--- Instructions for the task ---
Look through the entries below for the line with "Endangered rhino with" and the line with "Candy Lane Лесные", then give again exactly those two lines and all lines between them, minus the pictures.
--- Data shown ---
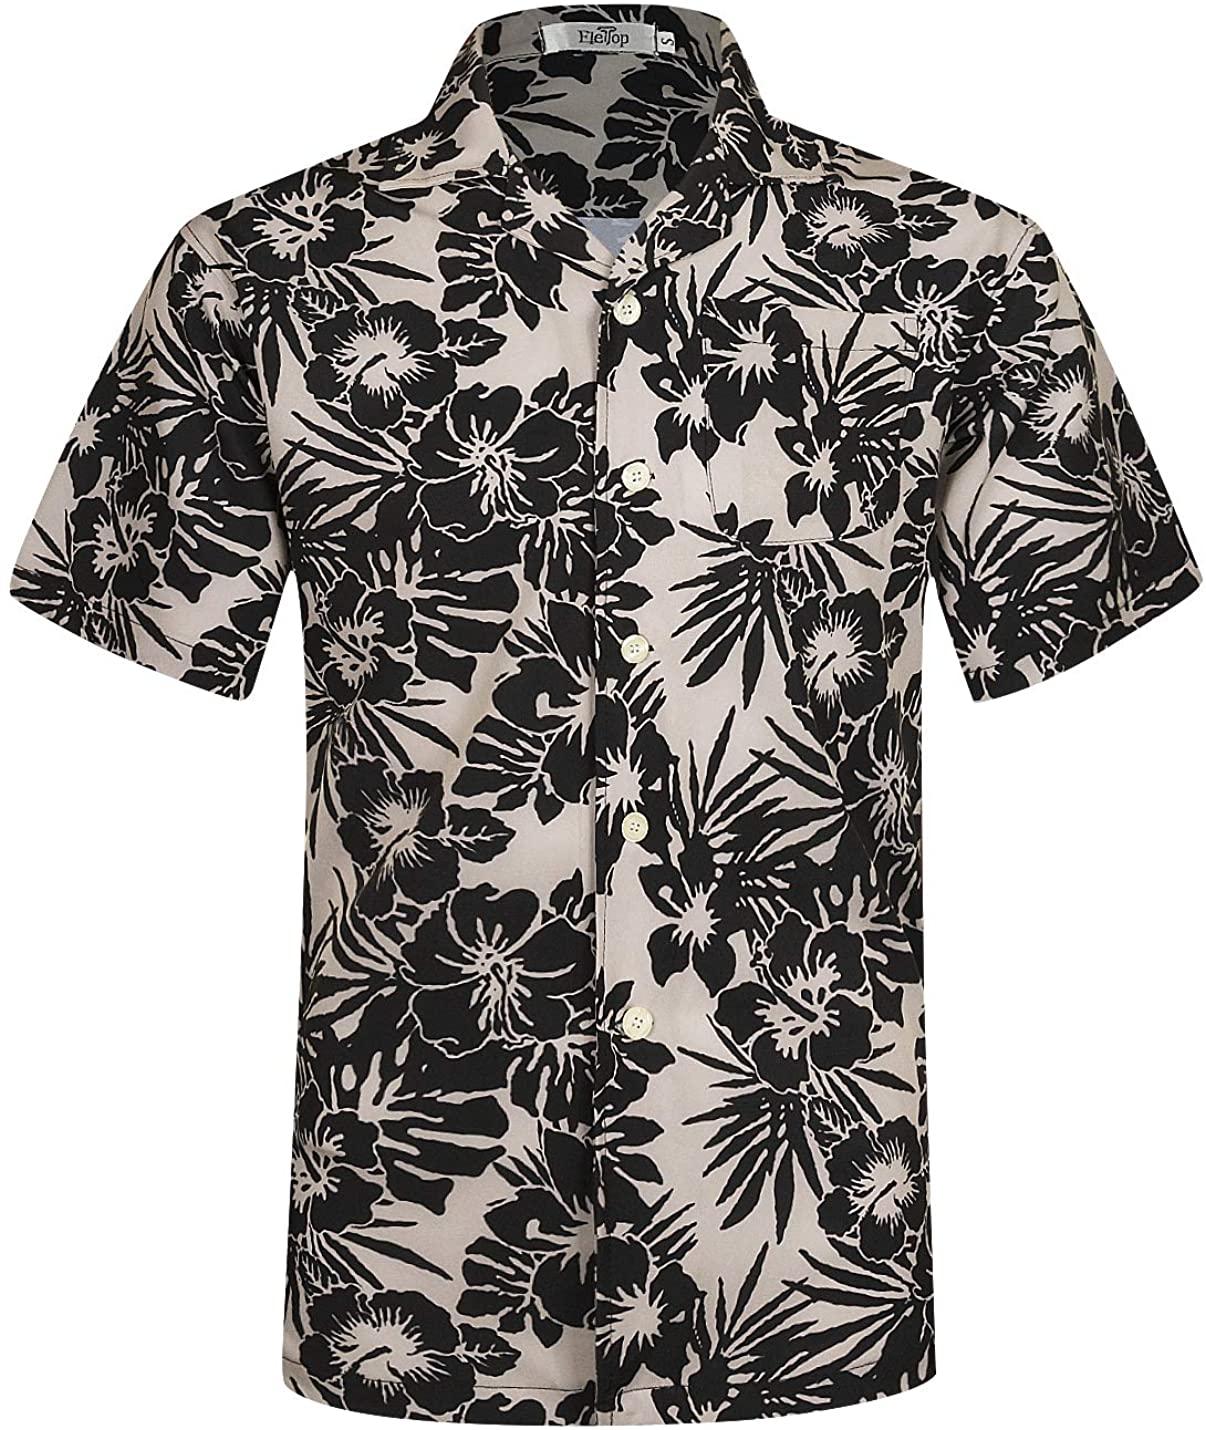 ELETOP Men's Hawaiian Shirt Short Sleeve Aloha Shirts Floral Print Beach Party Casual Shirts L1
---
--- Data shown ---
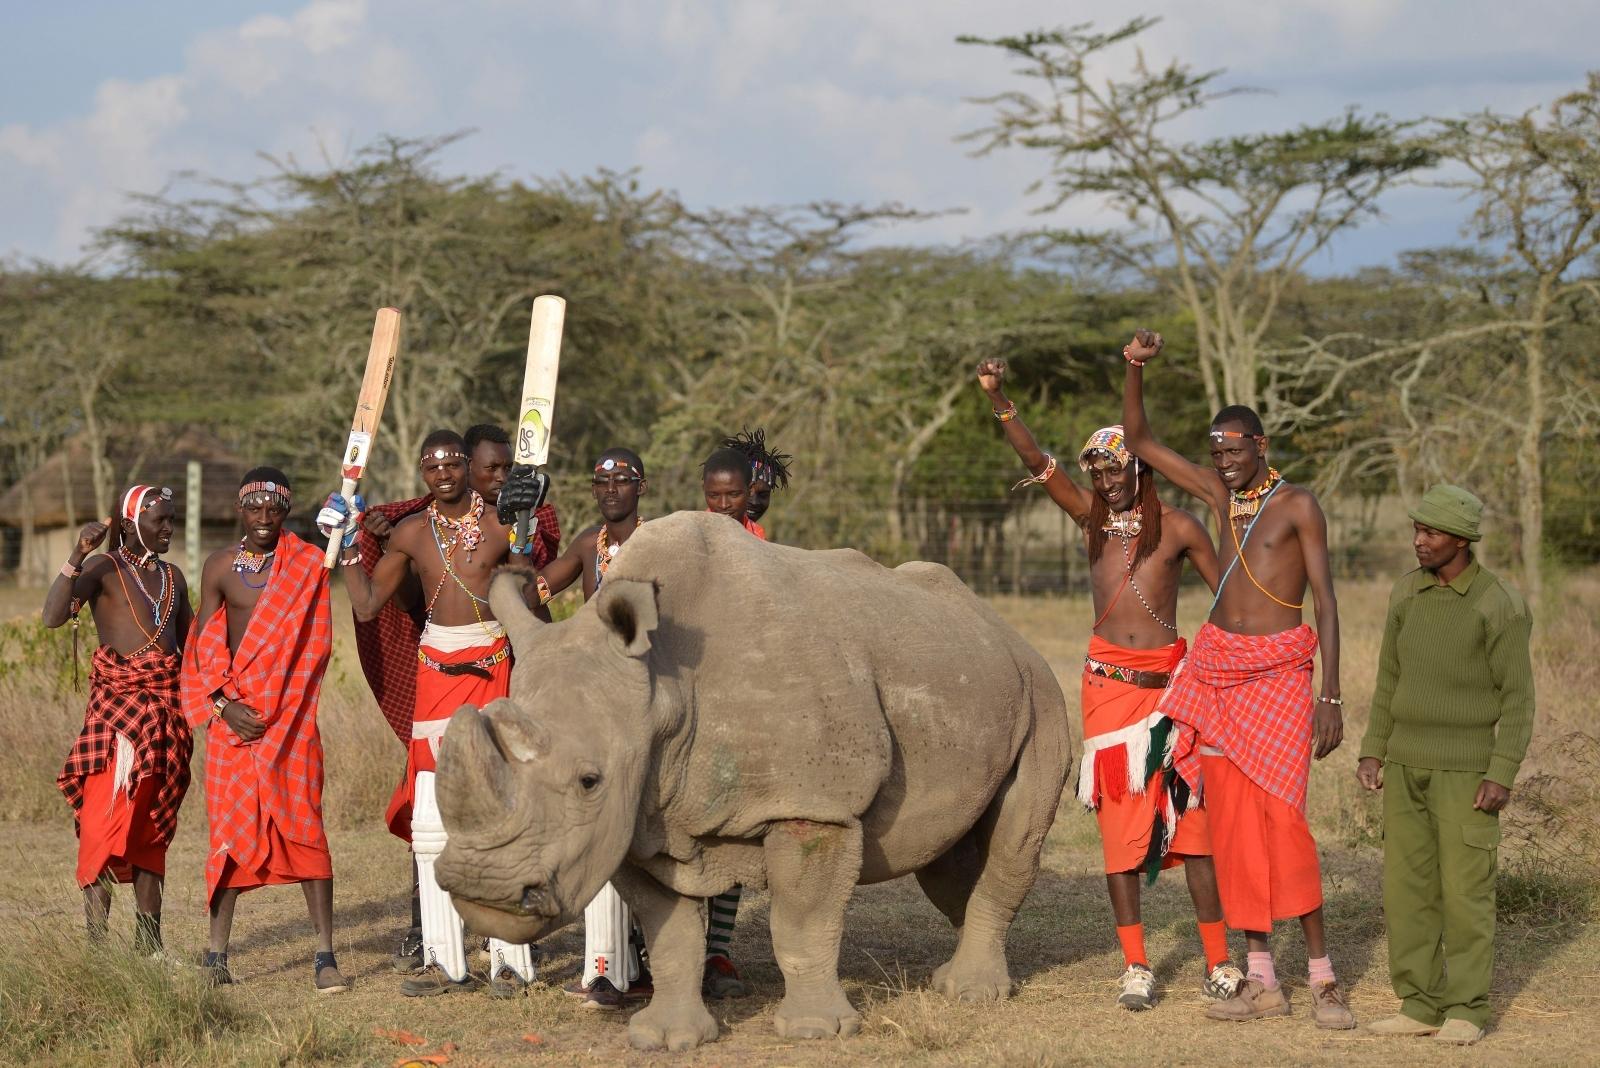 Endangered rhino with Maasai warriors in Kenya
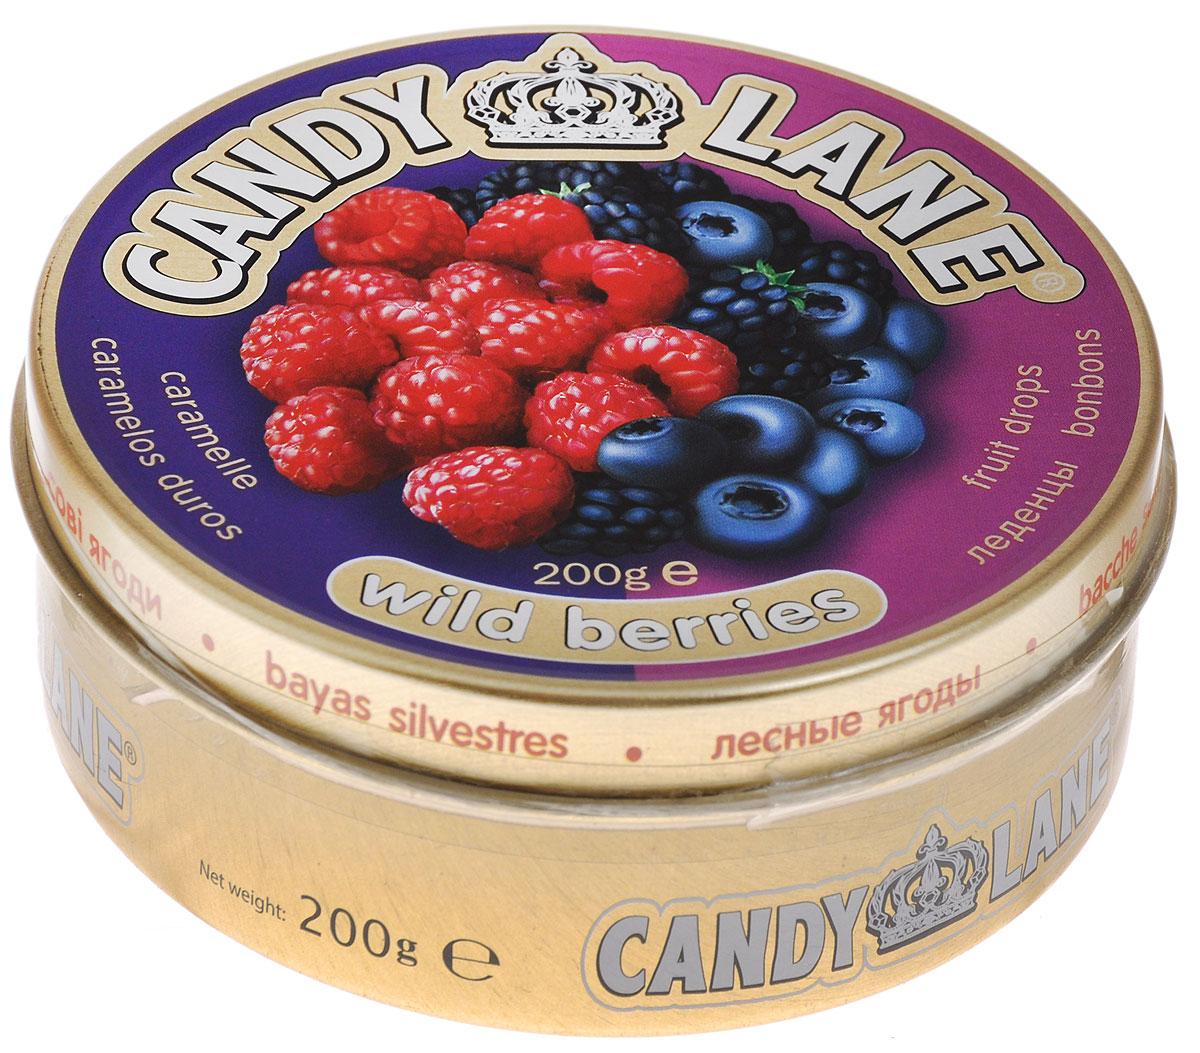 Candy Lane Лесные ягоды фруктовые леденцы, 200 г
---
--- Output of the task ---
 Endangered rhino with Maasai warriors in Kenya
 Candy Lane Лесные ягоды фруктовые леденцы, 200 г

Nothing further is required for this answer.